Sita Tamang whose house is completely damaged and is staying under tent is happy to get a blanket from World Vision. Many houses have been damaged leaving people homeless in the open in cold. (©2015 World Vision/Sunjuli Kunwar Singh)

World Vision to aid 100,000 people
The initial phase of World Vision’s response to the April 25 quake will target 100,000 people in the worst-affected areas of Bhaktapur, Gorkha, Kathmandu, Lalitpur, and Lamjung. So far, our response has reached 30,000 people, supporting the urgent needs of families in the hardest-hit areas of Gorkha, Lamjung, Sindhuli, Sindhupalchowk, and Kathmandu valley.

World Vision has distributed supplies that were pre-positioned in Nepal, including more than 2,000 tarps, 600 blankets, and 400 corrugated roofing sheets.

The next round of distributions will depend on the arrival of relief supplies being airlifted in from Dubai. The shipments include 5,000 tarpaulins that are loaded and waiting to fly. But planes are having difficulty landing because the airport is highly congested and aftershocks continue.

Additional supplies are being airlifted from a regional warehouse and include hygiene kits, cooking kits, mosquito nets, sleeping bags, sleeping mats, buckets, and water purification tablets.

World Vision has sent a team to assess the damage in rural areas. In some of the remote areas, staff heading out for assessments are finding both roads and trails blocked by landslides, making access extremely difficult.

‘The clock is ticking’
A lack of access to toilets and clean water supply means affected residents, especially in hard-to-reach places, face higher risk in the coming weeks of waterborne diseases like cholera. And more than 1.4 million people are in need of food assistance.

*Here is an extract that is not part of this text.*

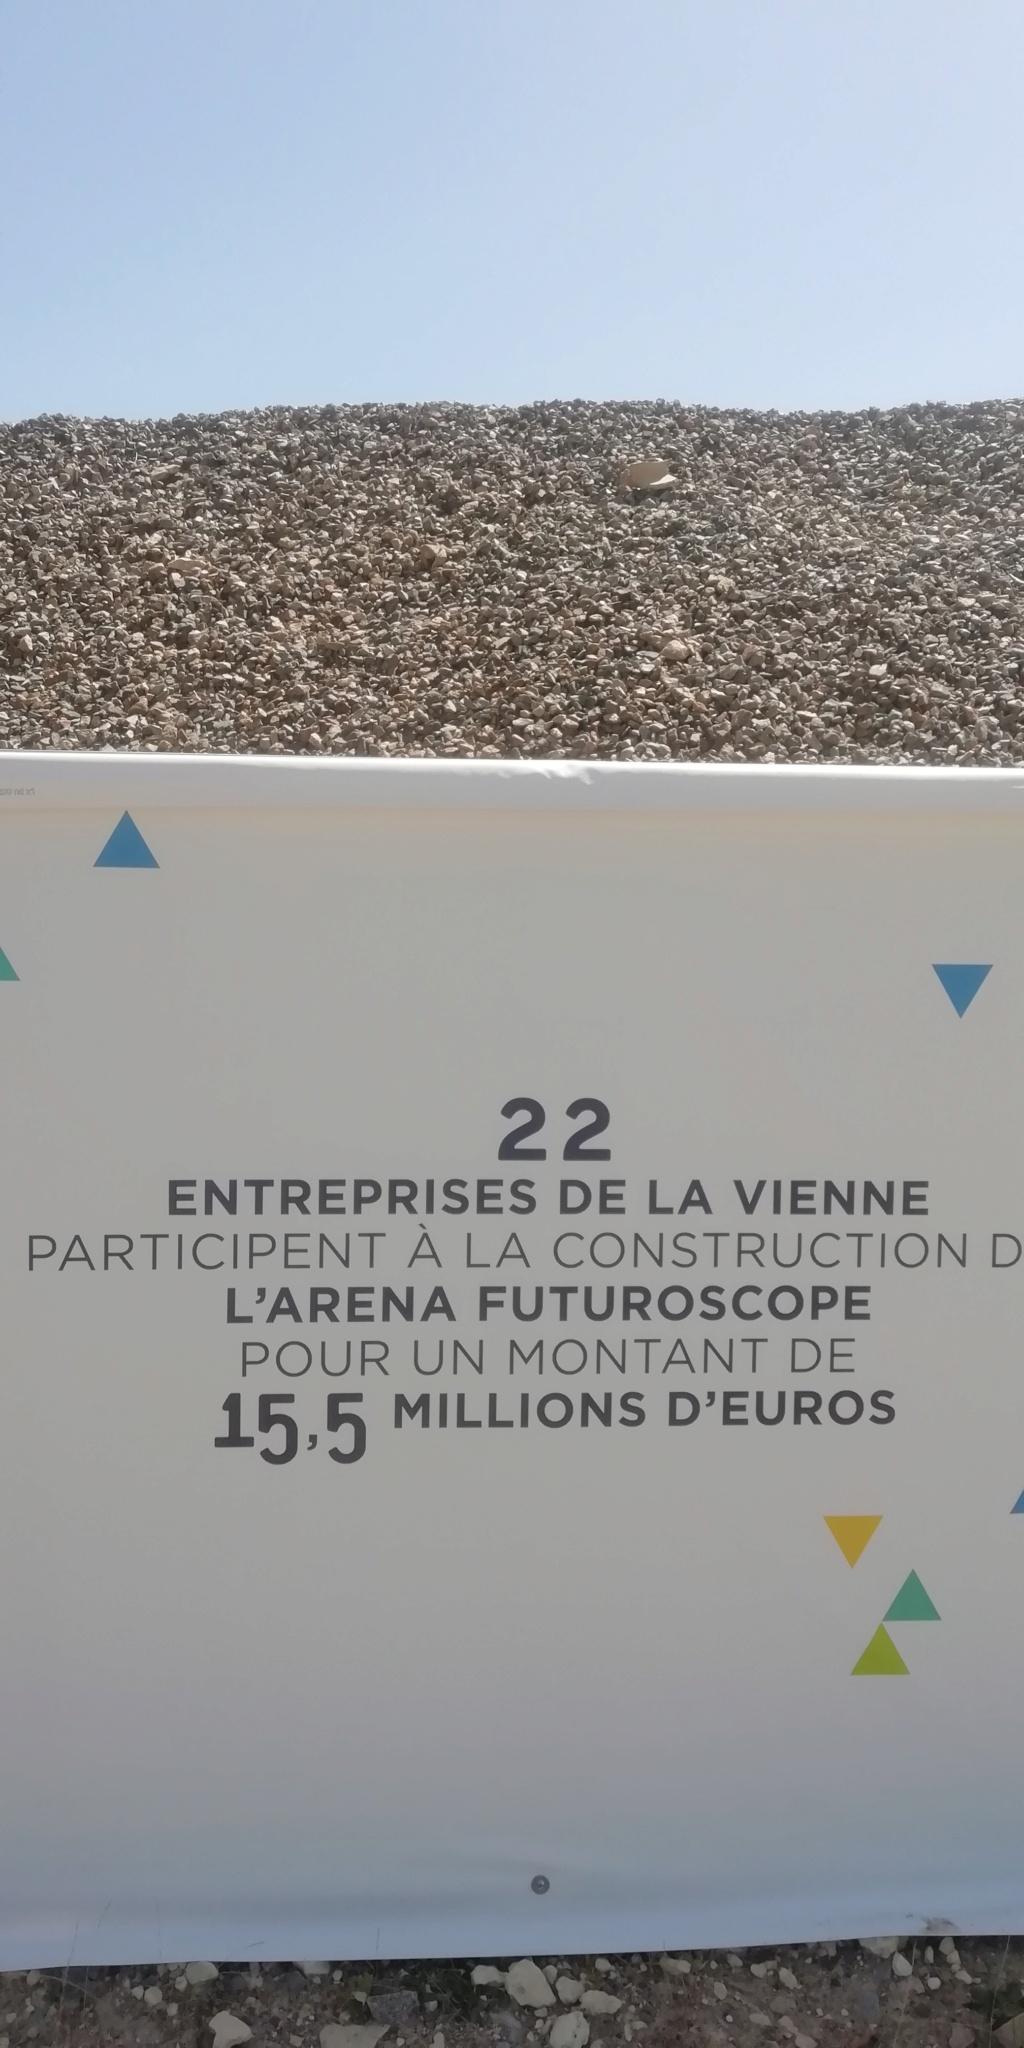 « Arena Futuroscope » grande salle de spectacles et de sports · 2022 - Page 11 Img_2017

“We know the clock is ticking for those impacted by the earthquake in some of the most remote areas; aid is a matter of life or death for many at this point,” says Phillip Ewert, operations director for World Vision in Nepal. “Our staff — as part of the humanitarian effort — are pushing to deploy aid under extreme conditions, well aware of that urgency.”

World Vision is working with the government and partners to assess the situation and respond to the needs of children and their communities. We work with 43 local partner aid organizations in our operating districts.

A Child-Friendly Space  set up in a government camp in Kathmandu by World Vision. (@2015 World Vision/Alina Shrestha)

A Child-Friendly Space set up in a government camp in Kathmandu by World Vision. (©2015 World Vision/Alina Shrestha)

A place for children to recover from trauma
World Vision has set up 10 Child-Friendly Spaces and temporary learning centers to provide a safe space for children to play and study while their families are in transition.

“Many children lost everything they knew when the earthquake struck,” says Arpanah Rongong, World Vision’s child protection specialist in Nepal.

Child-Friendly Spaces offer a place for children to start coming to terms with the loss they have experienced. “Young people often begin expressing their emotions through artwork, which helps them start to make sense of the devastation around them,” Rongong explains.

Forty-four youth volunteers drawn from churches and other community groups participated in training to staff the Child-Friendly Spaces.